New Jersey Has Worst Results in Anti-Smoking Funding

Smoking

American Lung Association in its latest report “State of Tobacco Control” writes that New Jersey is failing in funding quit smoking and tobacco prevention programs.

Each year, the American Lung Association releases such an report which contains information on implementation of state policies regarding tobacco use, cessation, prevention, taxation, and for each state gives grades.

The American Lung Association says that the main aim of the report is to take serious actions agains smoking in order to eliminate secondhand smoke and reducing smoking rates among population.

New Jersey received an “A” grade for smoke-free air, “B” grade for  cigarette tax and “F” grade for tobacco control, prevention, spending and cessation. It means that some anti-smoking efforts are successful and some are not. Deb Brown, the American Lunch Association of the Mid-Atlantic’s CEO says that regretably, New Jersey is the only state that did not invest state money into funding the New Jersey Comprehensive Control Program.

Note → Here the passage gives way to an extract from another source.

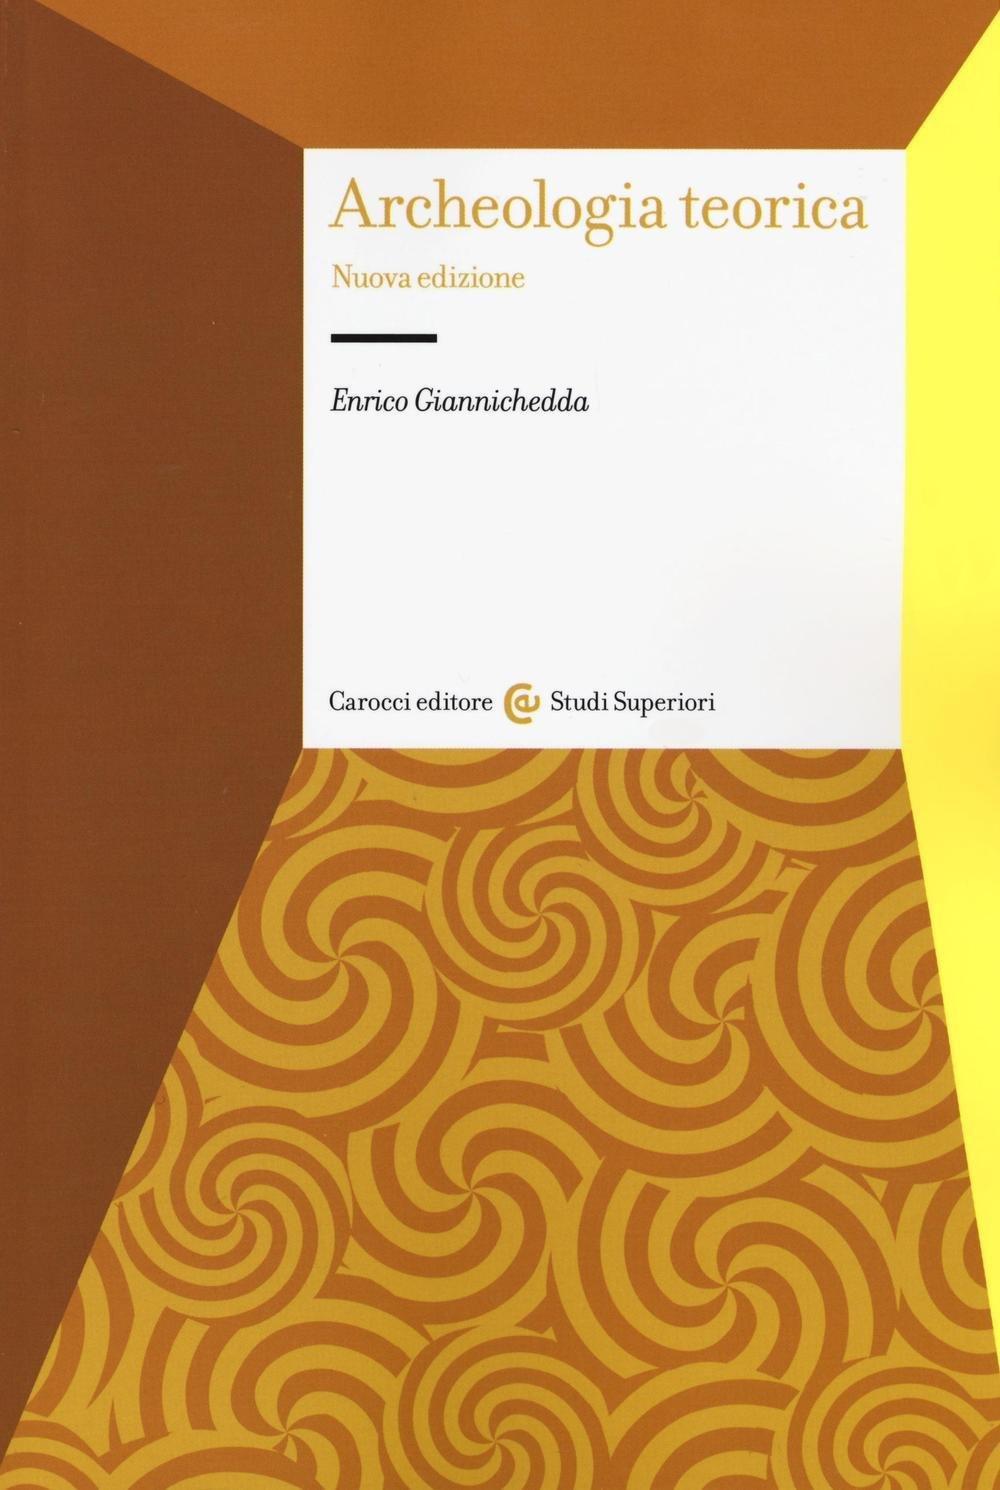 Archeologia teorica Copertina flessibile – 9 giu 2016 Enrico Giannichedda Carocci 8843082108 Saggistica
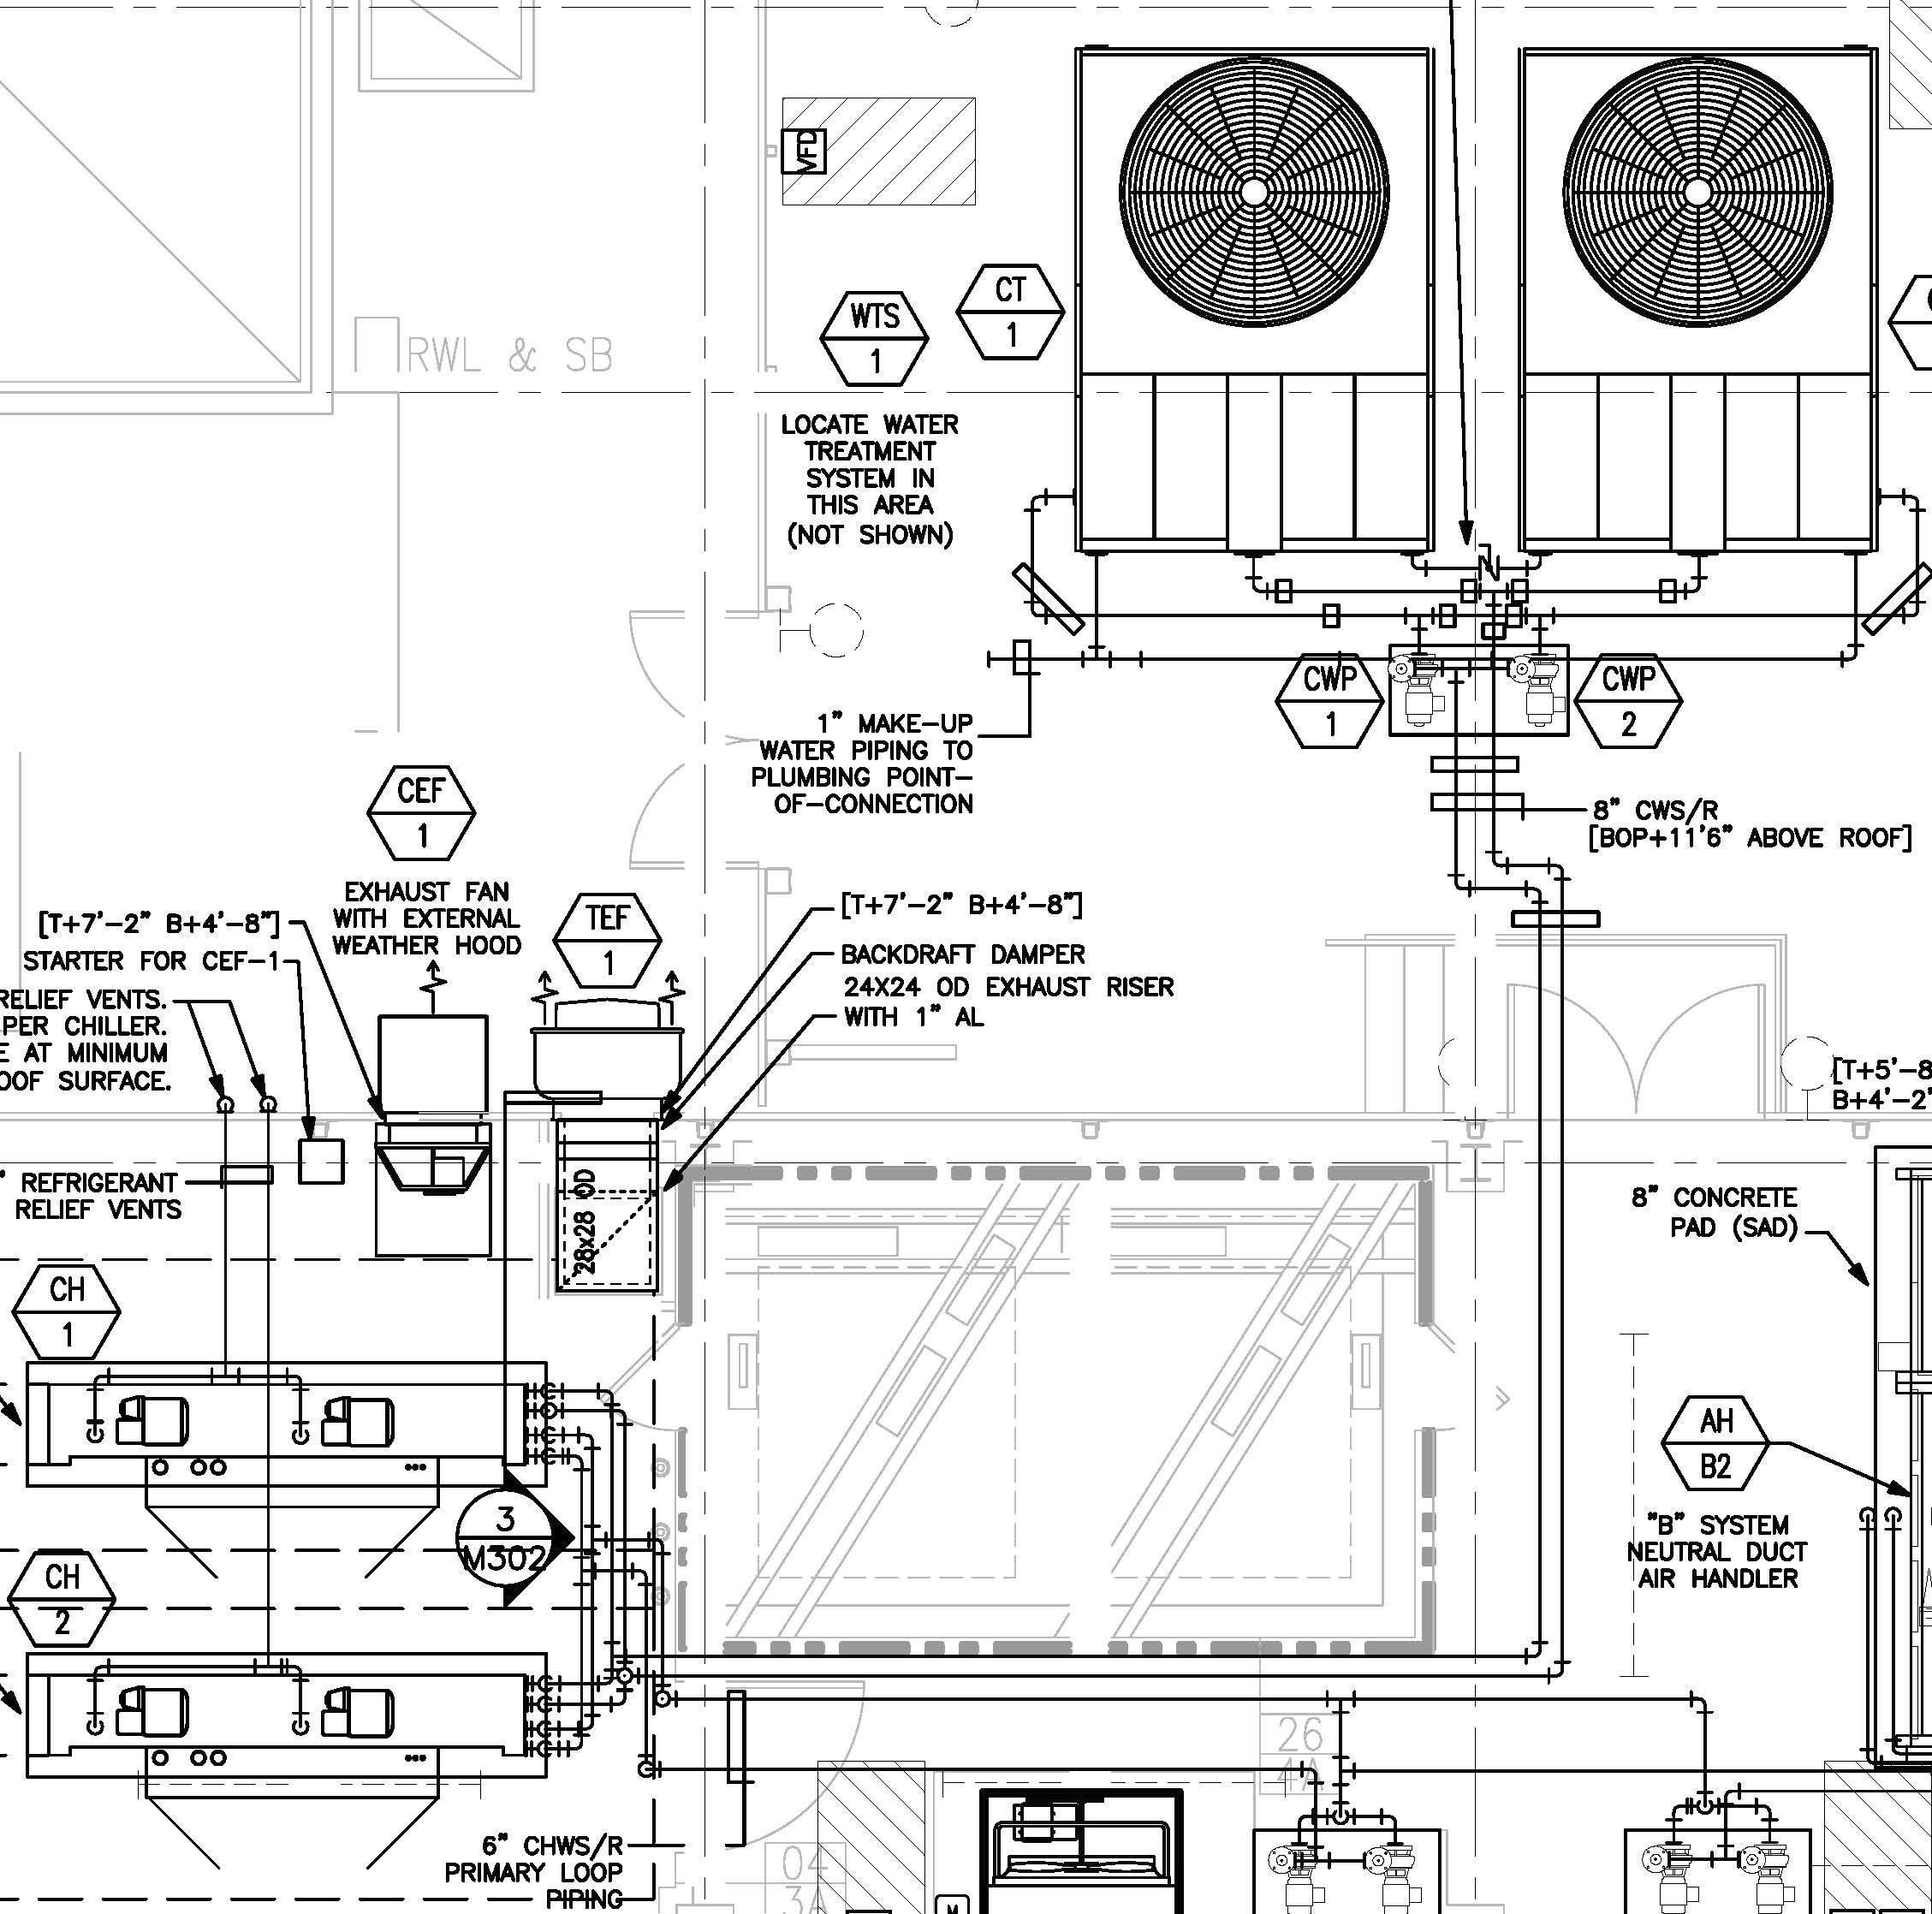 1986 Club Car Wiring Diagram 29b5a5 1986 Club Car Wiring Diagram

In 2003 the Comprehensive Control Program got $30 million, but funding gradually lowered and is now non-existent.  Besides this, the state fails to help smokers wanting to quit adequately, thus it takes multiple attempts to quit smoking. However, in spite of these failed anti-smoking efforts, New Jersey manages to show good results in taxing tobacco products and providing smoke-free air for employees.

Assemblyman John Burzichelli is happy to see New Jersey’s grade in the air quality category but cannot say why Gov. Chris Christie has failed to fund the smoking prevention programs.  If a person likes to smoke — it is his personal choice, but non-smokers should be protected from tobacco smoke.

In  New Jersey smoking is prohibited in workplaces, restaurants, bars, schools, childcare facilities. Today the only public places where smoking is permitted ar casinos and gambling establishments.  In  New Jersey the highest smoking rates are reported in Gloucester, Salem and Cumberland.